The following Mohegan ordinances are applicable in this case. MTO 95-2 grants the Mohegan Tribal Gaming Authority the power over licensing and vests in the Director the duty of “issuing and revoking licenses and generally overseeing the integrity of the gaming operation.” Sec. 5(b)(10). Sec. 12(5) provides that the Director “shall carry out the tribe’s regulatory duties” as described in MTO 94-1, and vests in the Director “final authority over all license applications.”
MTO 94-1 incorporates the Indian Gaming Regulatory Act, 25 U.S.C. Secs. 2701 et seq., and sets forth in Sec. 9 qualifications for gaming licenses. One of the purposes is to protect against “threats to the *316public interest, or the interest of the Tribe or to the effective regulation and control of gaming.” See 25 U.S.C. Sec. 2710(b)(2)(F)(ii)(II).
As stated in the Kochachy case, these ordinances comply with the requirement of Sec. 7(a) of the “Compact” to “adopt standards of operation and management to ... protect the public interest in the integrity of the gaming operations ...” (emphasis added). Kochachy v. Office of the Director of Regulations, 1 G.D.R. 115, 116, 4 Am. Tribal Law 522, 2003 WL 25795195 (2003).
REVIEW OF THE HEARING OFFICER’S ORDER
The plaintiff was represented by counsel at the administrative hearing. The notice of the administrative hearing referenced as grounds for the revocation of license the “sale of prescription drugs”. The defendant provided the plaintiffs counsel with an opportunity to review the documents, which according to the defendant, contained documents that also refer to an alleged sale of marijuana by the plaintiff. The testimony presented at the hearing failed to produce sufficient evidence of the sale of prescription drugs.
The finding of the hearing officer was clearly based upon an alleged sale of marijuana rather than prescription drugs. There was an appropriate request for production of documents by plaintiffs counsel. The court finds that there was ample time for the defendant to have an amended notice to be sent to the plaintiff if the basis of the revocation hearing was to be based on factors other that that which was stated in the original notice dated June 26, 2003.

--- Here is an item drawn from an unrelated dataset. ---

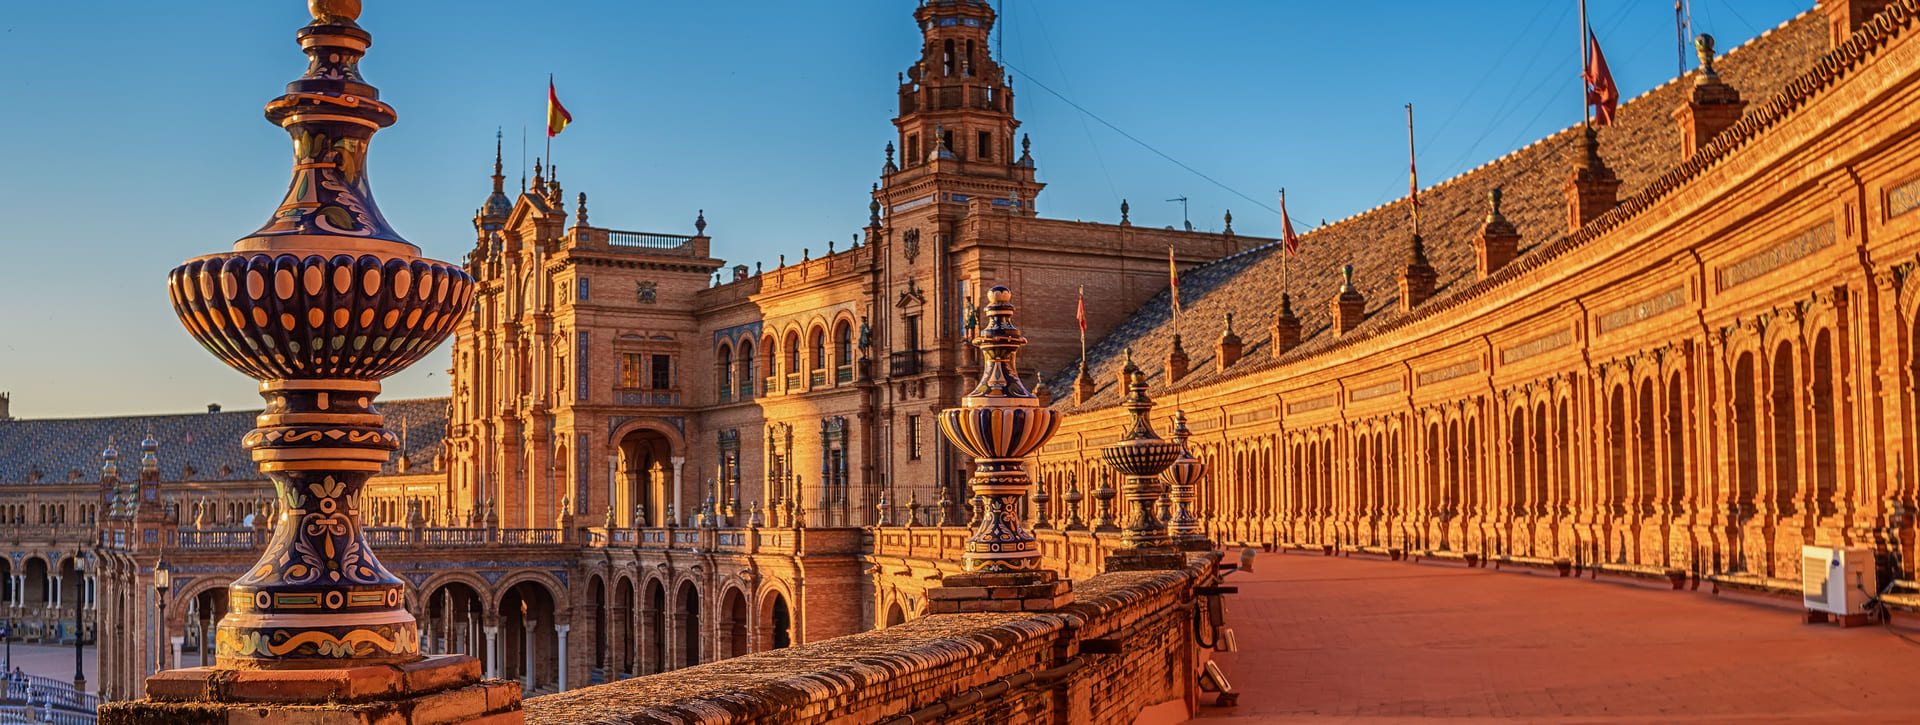 Tour Sevilla encantada: descubre sus misterios y leyendas
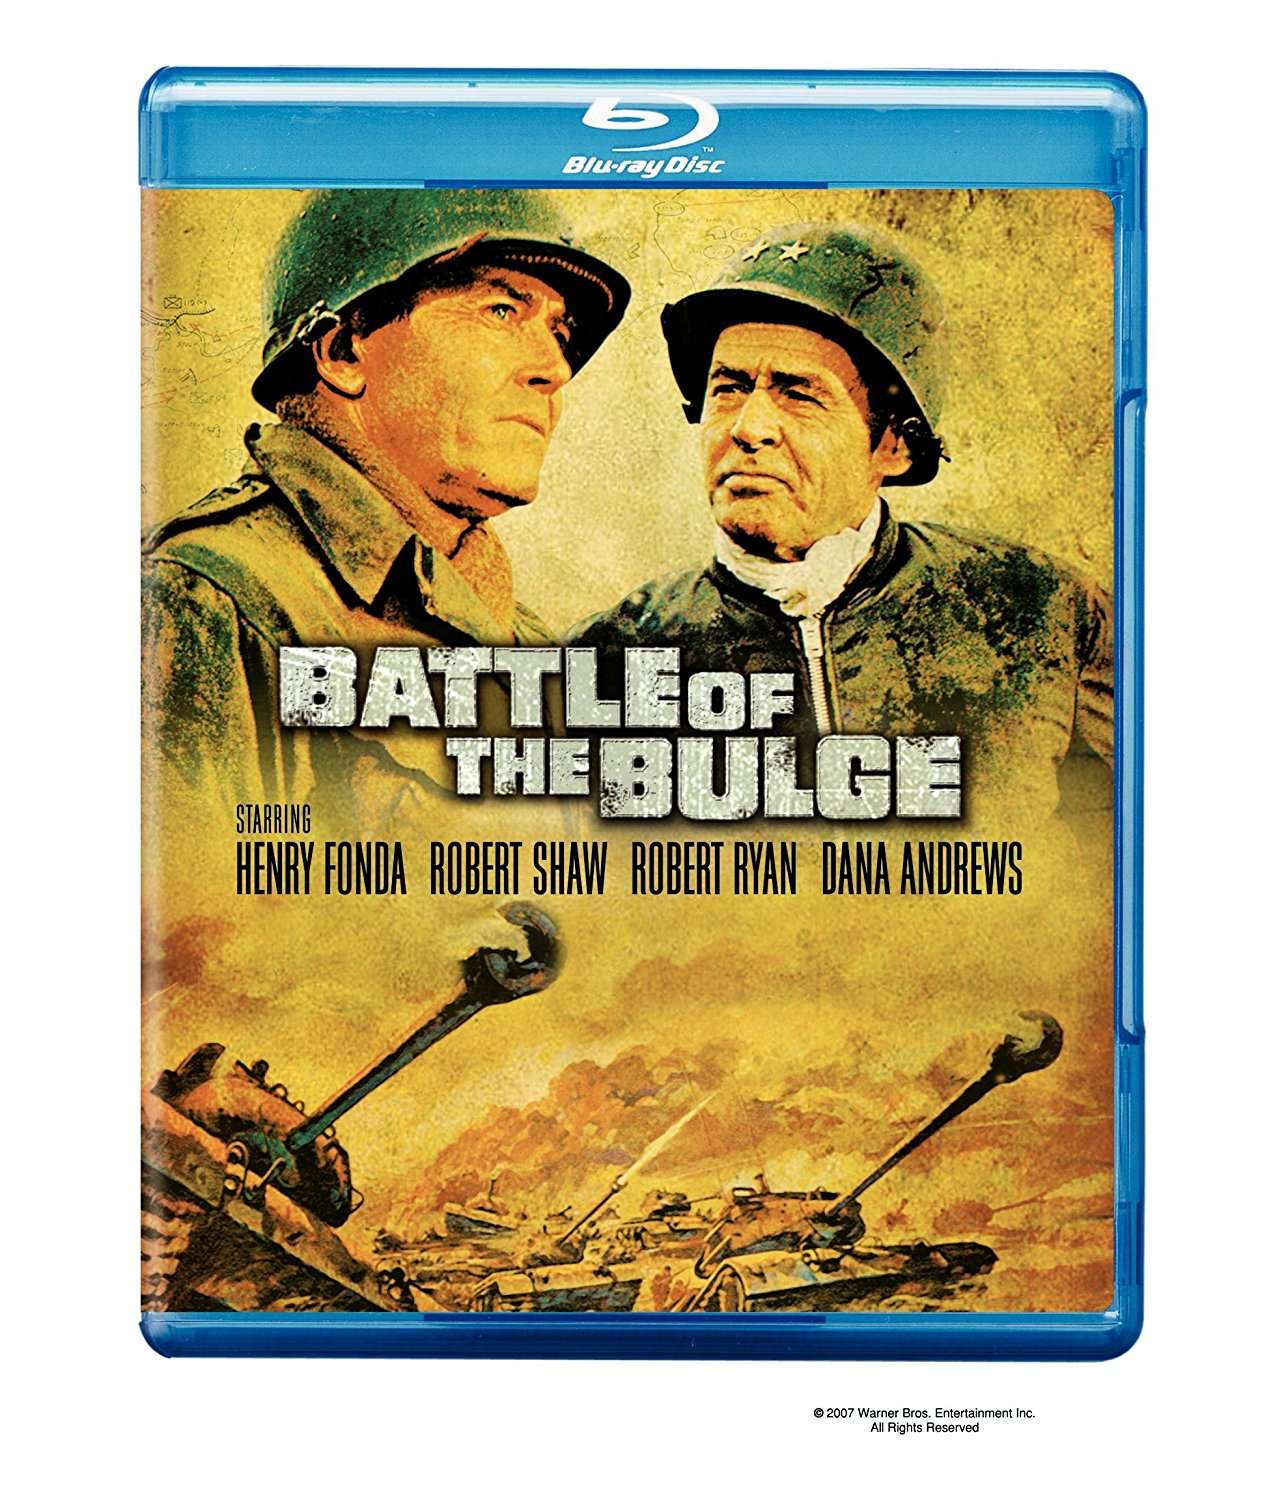 La battaglia dei giganti (1965) FullHD BDRip 1080p Ac3 ITA (DVD Resync) ENG Subs - Krikk

Accordingly the court finds that under the factual circumstances of this case the plaintiff was deprived of the opportunity to adequately respond to the charges which formed the basis of the revocation of his employment license. Pineiro v. Office of the Director of Regulation, Et Al, 1 G.D.R. 43, 45-46, 2 Am. Tribal Law 386, 1999 WL 34976688 (1999), quoting Morris v. Mashantucket Pequot Gaming Enterprise, 3 Mash. 94,-Am. Tribal Law —, 1998 WL 35234939 (1998), citing Dugan v. Mashantucket Pequot Gaming Enterprise, 1 Mash.Rep. 142, 1 Mash. 104, 106, - Am. Tribal Law -, 1995 WL 17826919 (1995).
CONCLUSION
Based upon the above, and pursuant to MTO 2002-13, See. 3(j) and (k), the plaintiffs appeal is sustained and judgment may enter reversing the decision. The order to bar and exclude the plaintiff is vacated.